EXERCISE AIM
Reproduce the listing in full, pictures excluded.

SUPPLIED MATERIAL
┌──
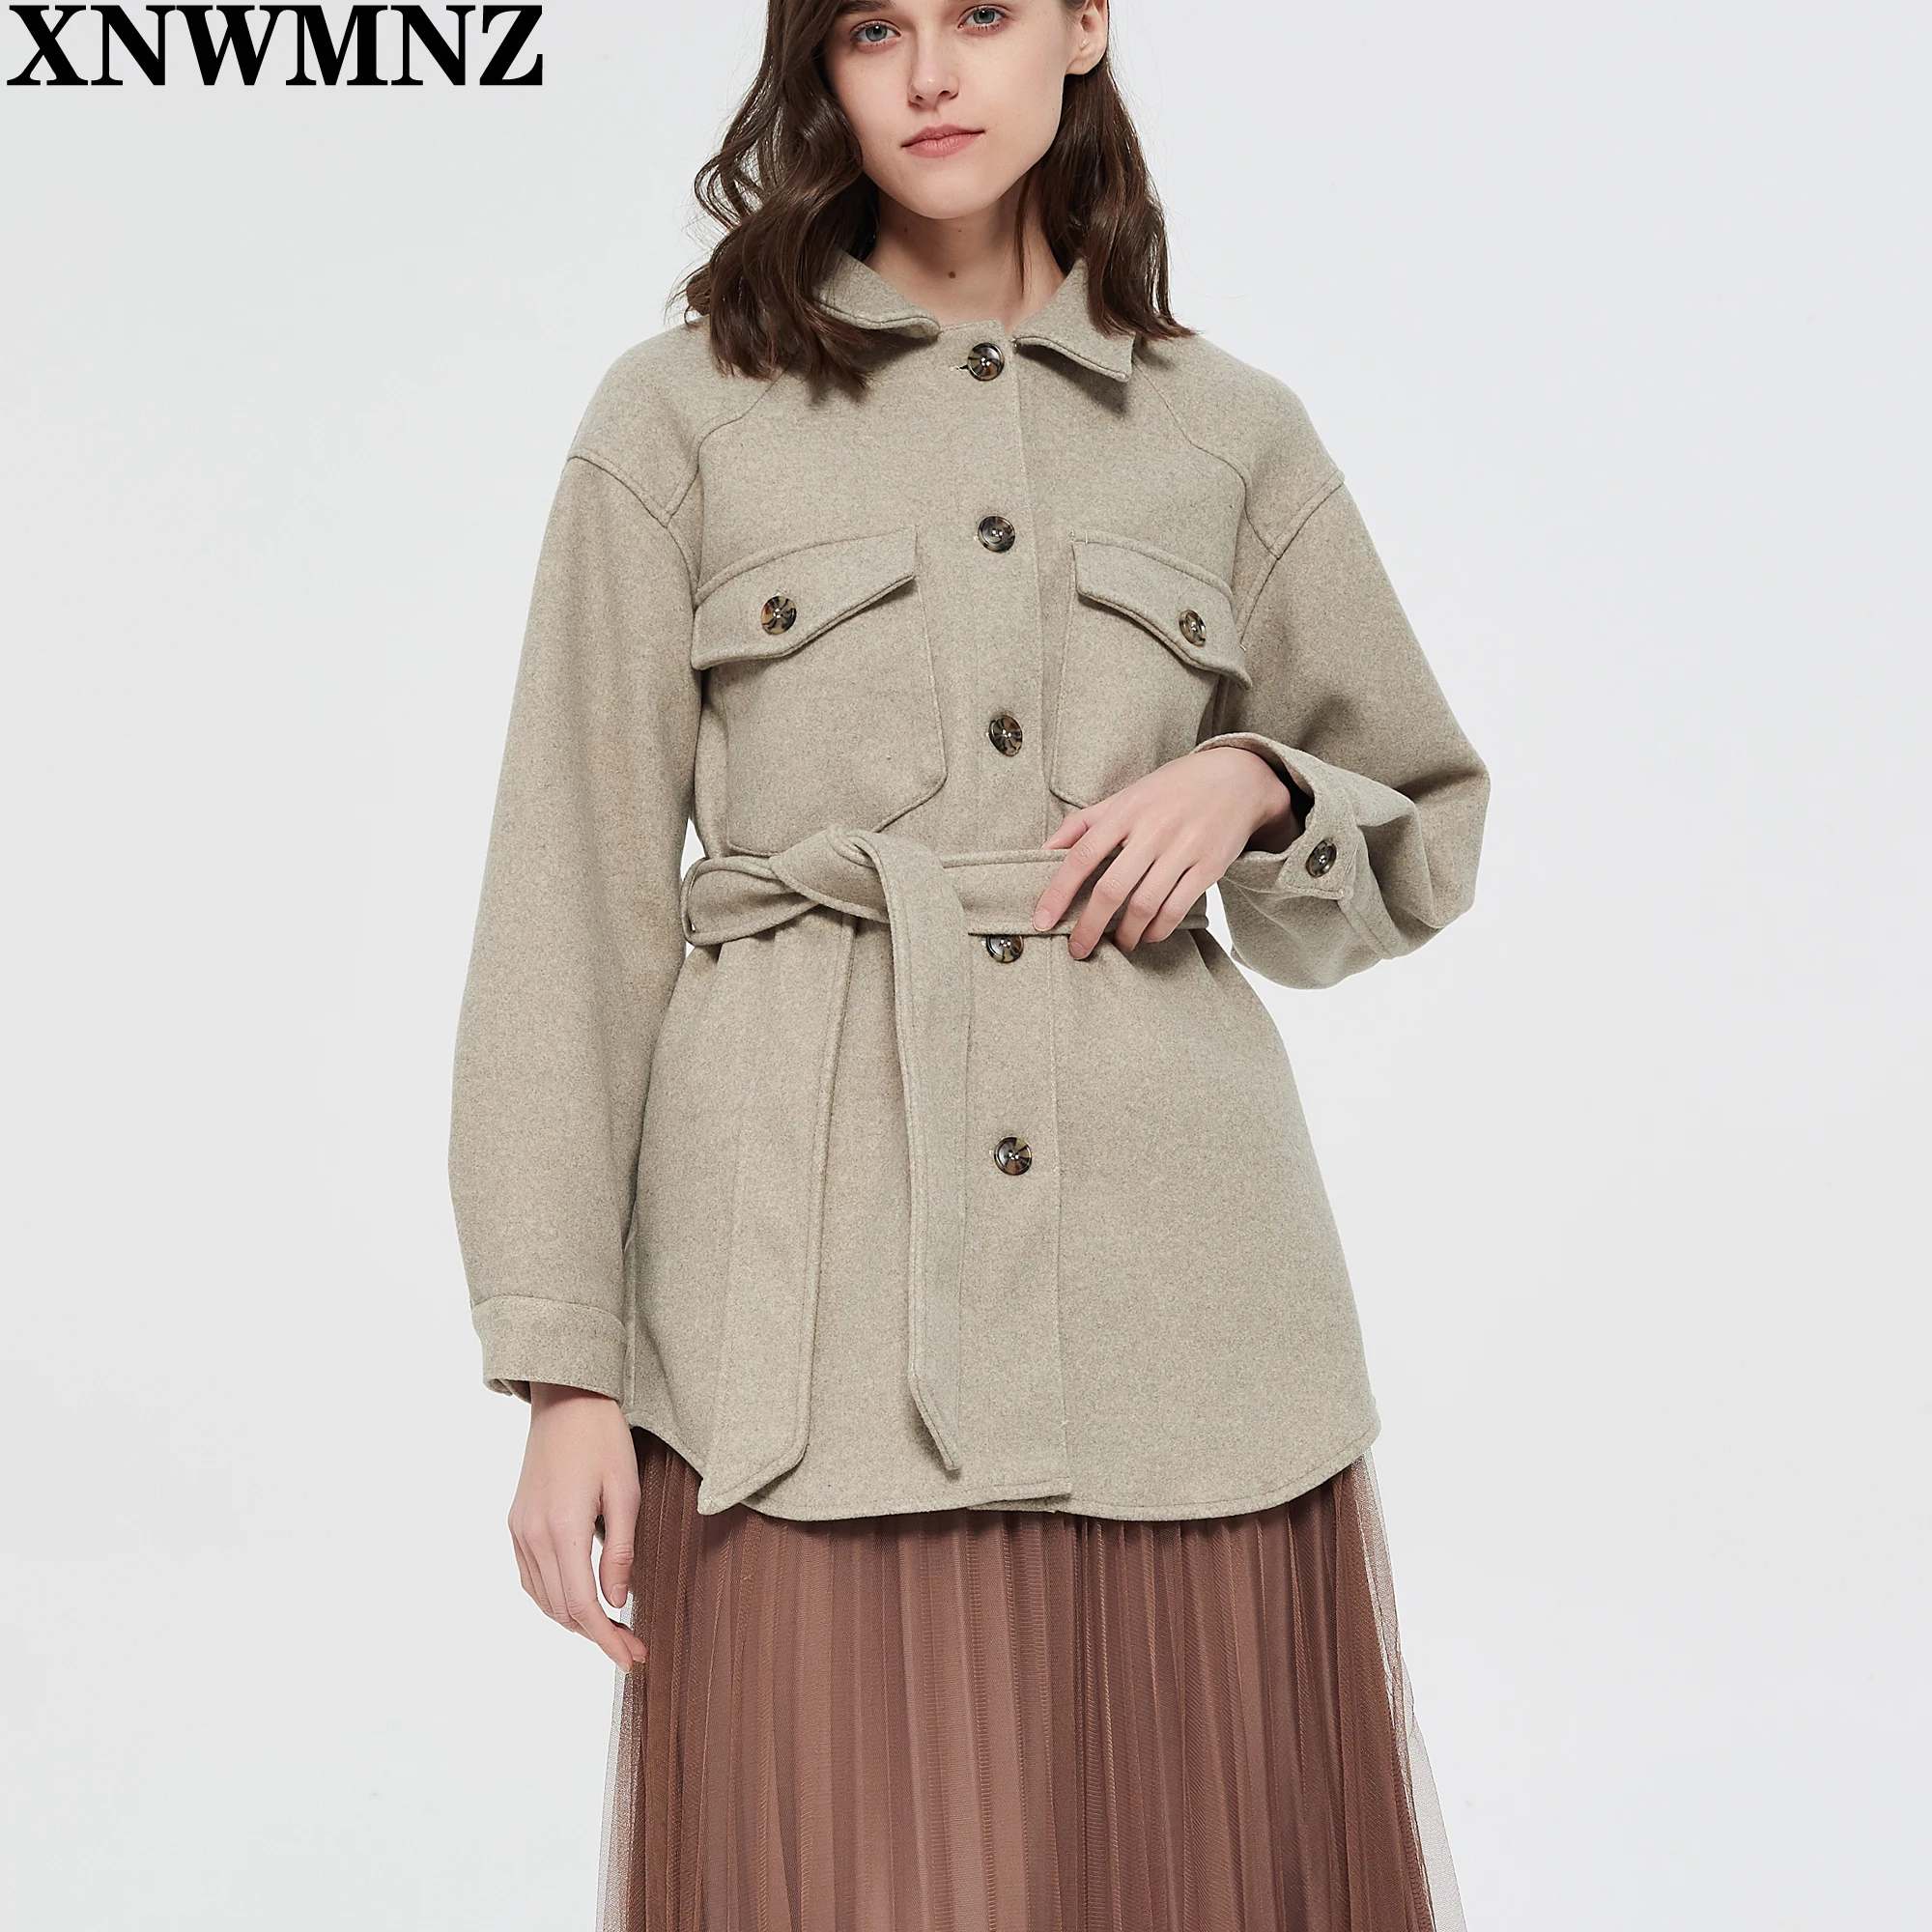 XNWMNZ Women 2021 Fashion With Belt Loose Woolen Jacket Coat Vintage Long Sleeve Side Pockets Female Outerwear Chic Overcoat elegant vintage dresses classy outfits women 2021 fashion spring autumn long sleeve satin yellow dress chic maxi dress
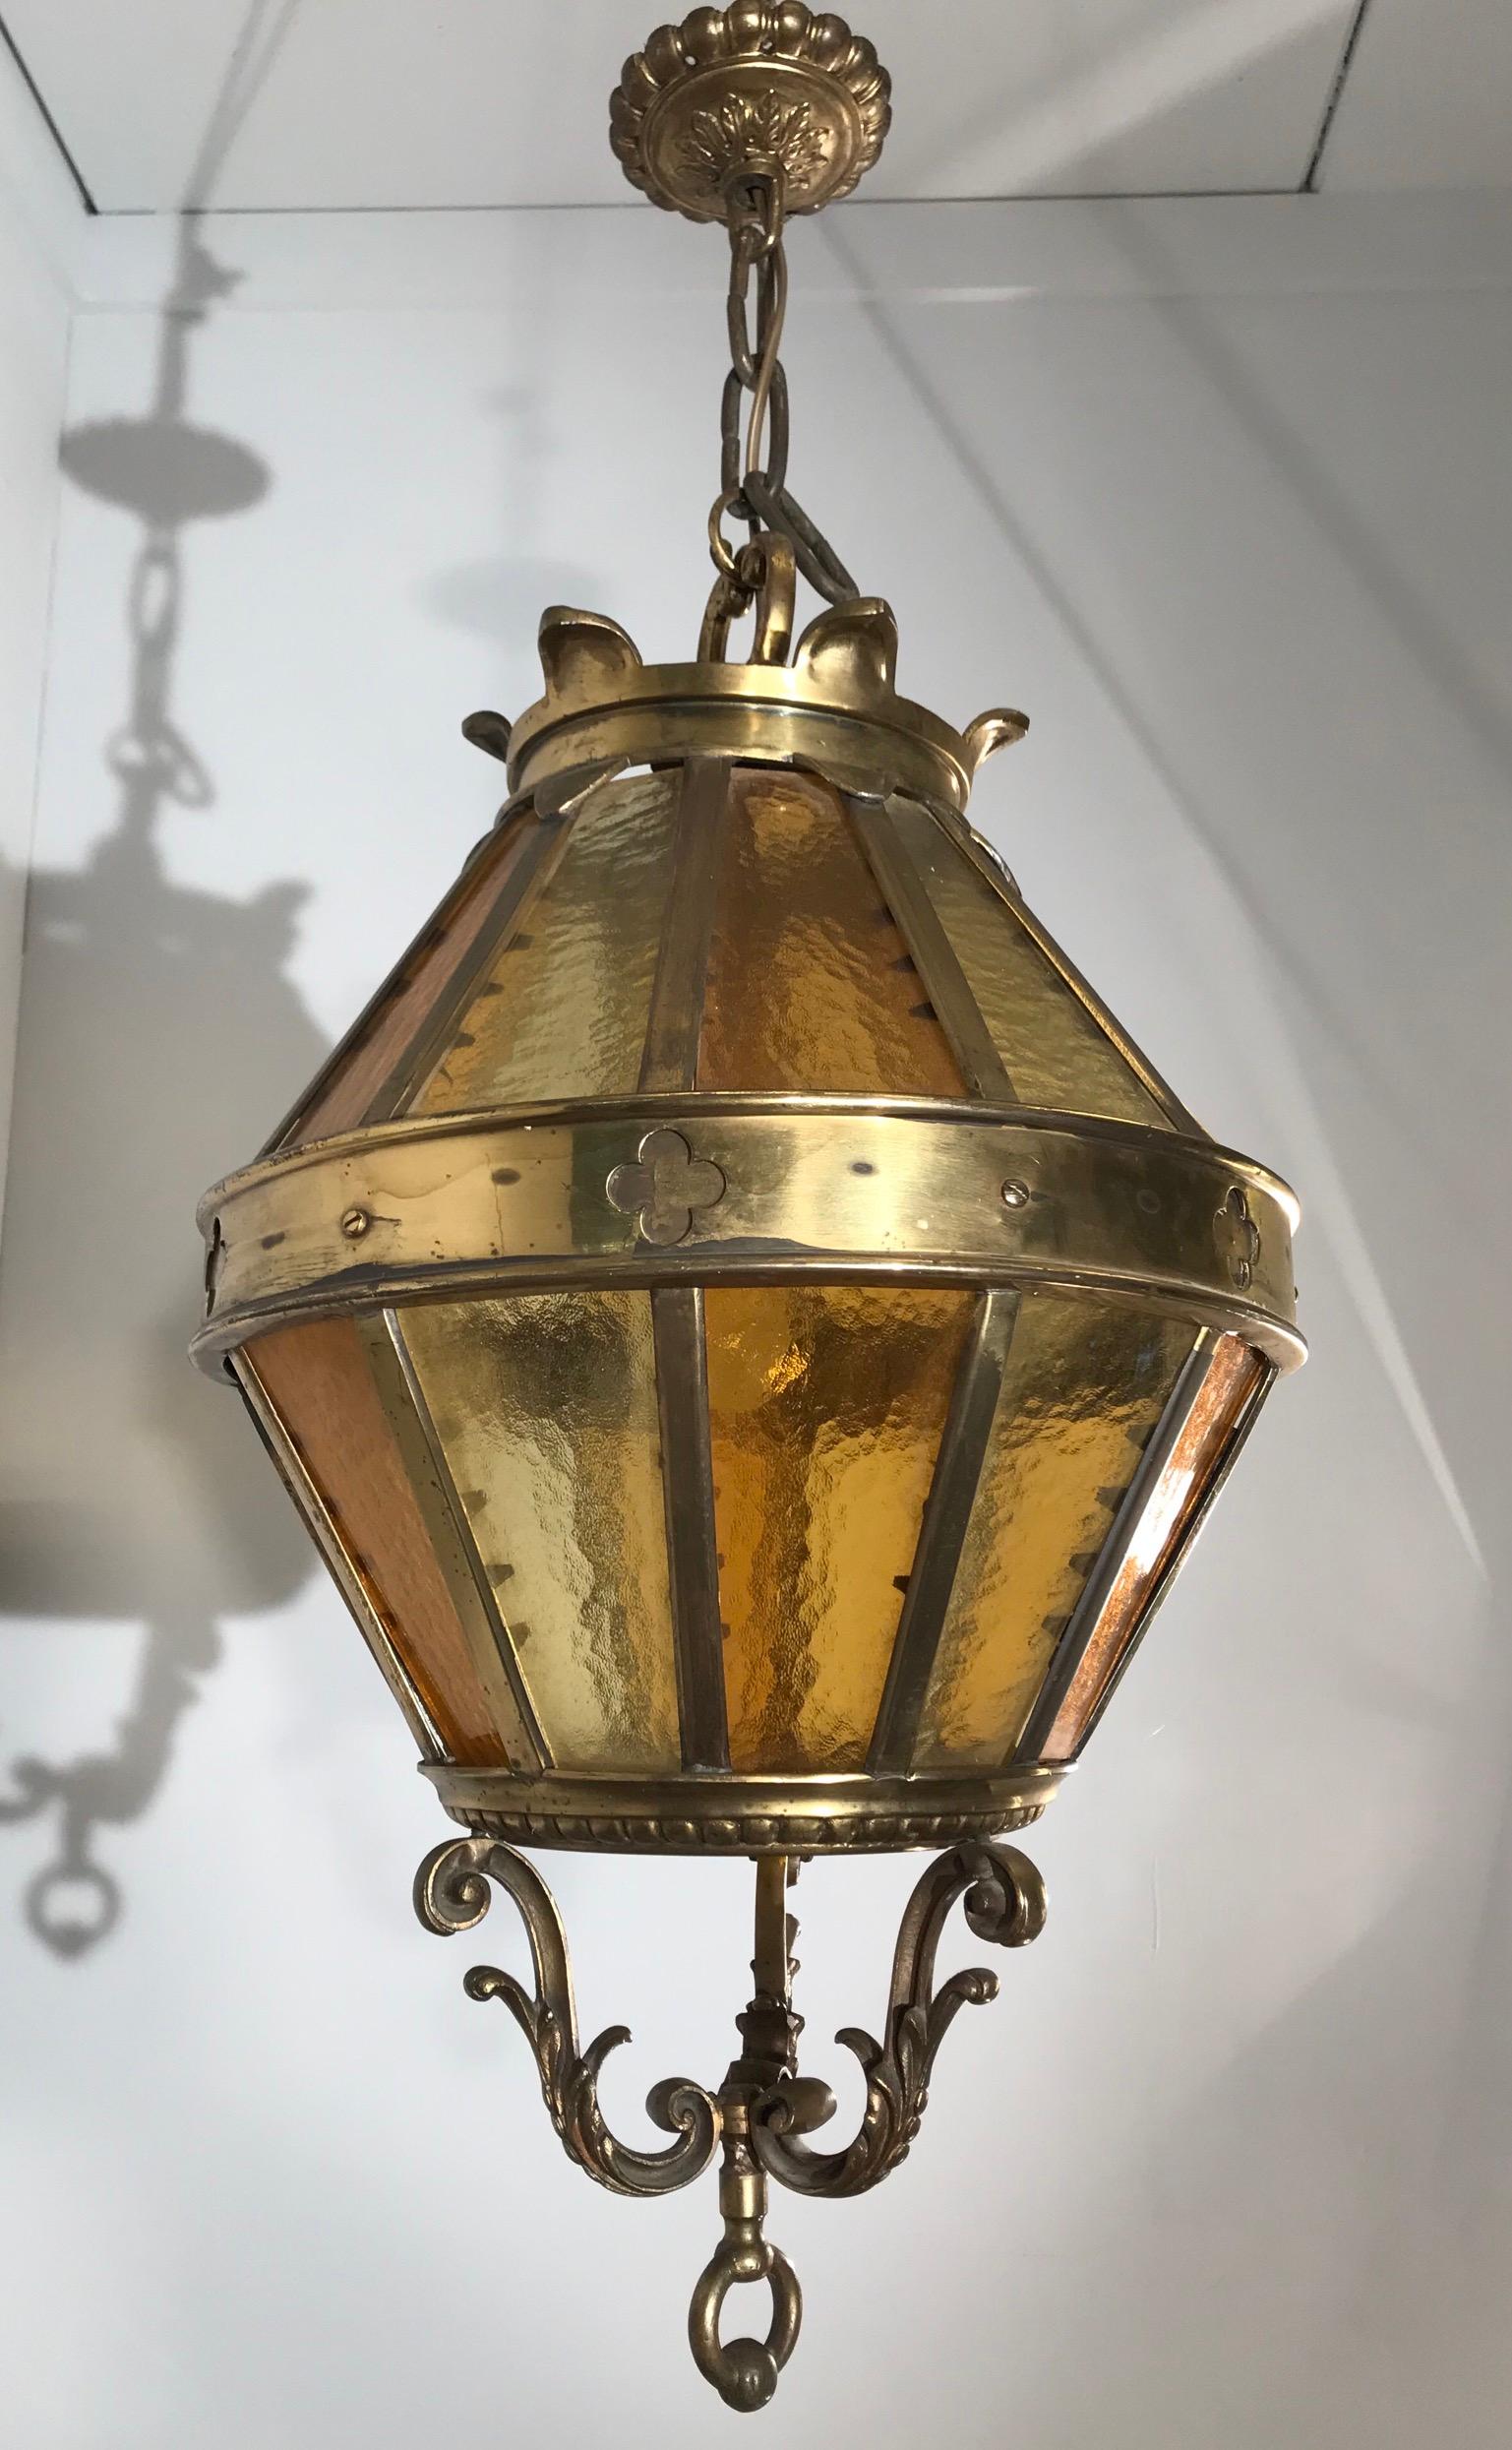 Top quality and large size, handcrafted light fixture.

With early 20th century lighting being one of our specialities, this gorgeous and large Gothic pendant from the Arts & Crafts era was another one of our recent, great finds. The 24 antique and
└──
EXERCISE ANSWER
 XNWMNZ Women 2021 Fashion With Belt Loose Woolen Jacket Coat Vintage Long Sleeve Side Pockets Female Outerwear Chic Overcoat elegant vintage dresses classy outfits women 2021 fashion spring autumn long sleeve satin yellow dress chic maxi dress
 Top quality and large size, handcrafted light fixture.

With early 20th century lighting being one of our specialities, this gorgeous and large Gothic pendant from the Arts & Crafts era was another one of our recent, great finds. The 24 antique and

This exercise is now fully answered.